I think the Amazon DynamoDB documentation regarding table scanning answers your question.

In short, you'll need to check for LastEvaluatedKey in the response. Here is an example using your code:

import boto3
dynamodb = boto3.resource('dynamodb',
                          aws_session_token=aws_session_token,
                          aws_access_key_id=aws_access_key_id,
                          aws_secret_access_key=aws_secret_access_key,
                          region_name=region
)

table = dynamodb.Table('widgetsTableName')

response = table.scan()
data = response['Items']

while 'LastEvaluatedKey' in response:
    response = table.scan(ExclusiveStartKey=response['LastEvaluatedKey'])
    data.extend(response['Items'])

Solution 2

boto3 offers paginators that handle all the pagination details for you. Here is the doc page for the scan paginator. Basically, you would use it like so:

import boto3

client = boto3.client('dynamodb')
paginator = client.get_paginator('scan')

for page in paginator.paginate():
    # do something

Solution 3

DynamoDB limits the scan method to 1mb of data per scan.

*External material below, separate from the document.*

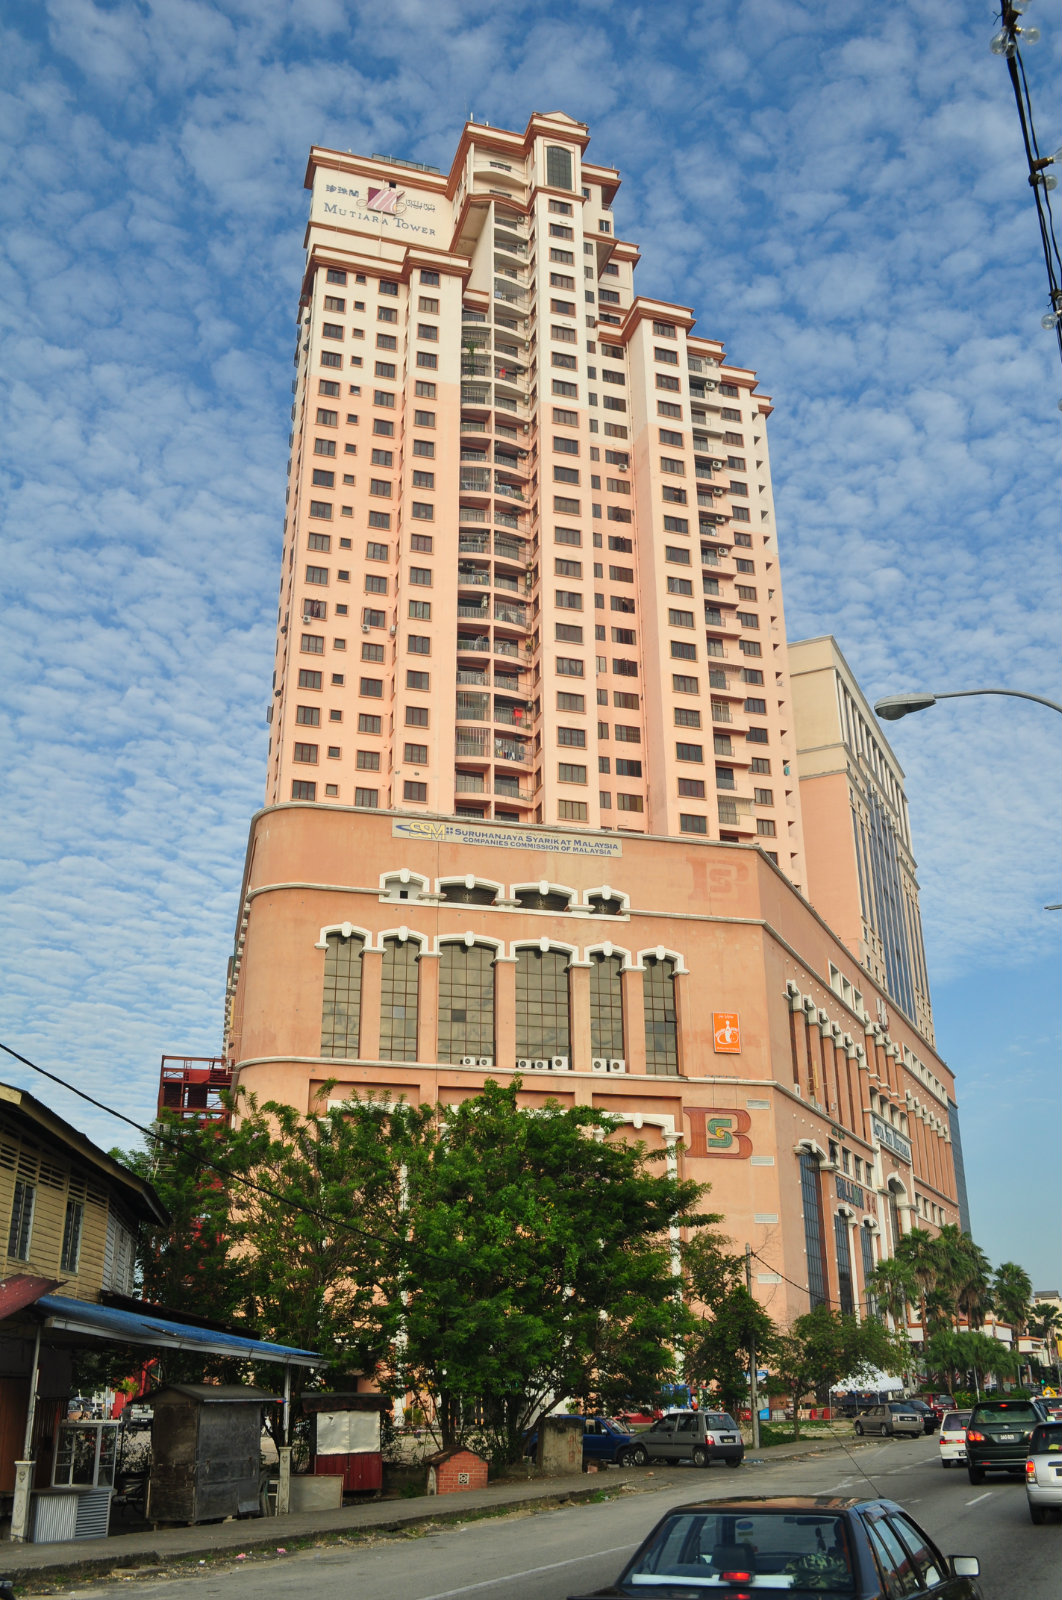 General View to Renaissance Hotel, Kota Bharu, Kelantan

Documentation: https://boto3.amazonaws.com/v1/documentation/api/latest/reference/services/dynamodb.html#DynamoDB.Client.scan

Here is an example loop to get all the data from a DynamoDB table using LastEvaluatedKey:

import boto3
client = boto3.client('dynamodb')

def dump_table(table_name):
    results = []
    last_evaluated_key = None
    while True:
        if last_evaluated_key:
            response = client.scan(
                TableName=table_name,
                ExclusiveStartKey=last_evaluated_key
            )
        else: 
            response = client.scan(TableName=table_name)
        last_evaluated_key = response.get('LastEvaluatedKey')
        
        results.extend(response['Items'])
        
        if not last_evaluated_key:
            break
    return results

# Usage
data = dump_table('your-table-name')

# do something with data

Solution 4

Riffing off of Jordon Phillips's answer, here's how you'd pass a FilterExpression in with the pagination:

import boto3

client = boto3.client('dynamodb')
paginator = client.get_paginator('scan')
operation_parameters = {
  'TableName': 'foo',
  'FilterExpression': 'bar > :x AND bar < :y',
  'ExpressionAttributeValues': {
    ':x': {'S': '2017-01-31T01:35'},
    ':y': {'S': '2017-01-31T02:08'},
  }
}

page_iterator = paginator.paginate(**operation_parameters)
for page in page_iterator:
    # do something

Solution 5

Code for deleting dynamodb format type as @kungphu mentioned.

import boto3

from boto3.dynamodb.types import TypeDeserializer
from boto3.dynamodb.transform import TransformationInjector

client = boto3.client('dynamodb')
paginator = client.get_paginator('query')
service_model = client._service_model.operation_model('Query')
trans = TransformationInjector(deserializer = TypeDeserializer())
for page in paginator.paginate():
    trans.inject_attribute_value_output(page, service_model)
Share:
106,929

Related videos on Youtube

CJ_Spaz
Author by

CJ_Spaz

Updated on July 08, 2022

Comments

  • CJ_Spaz
    CJ_Spaz almost 2 years

    My table is around 220mb with 250k records within it. I'm trying to pull all of this data into python. I realize this needs to be a chunked batch process and looped through, but I'm not sure how I can set the batches to start where the previous left off.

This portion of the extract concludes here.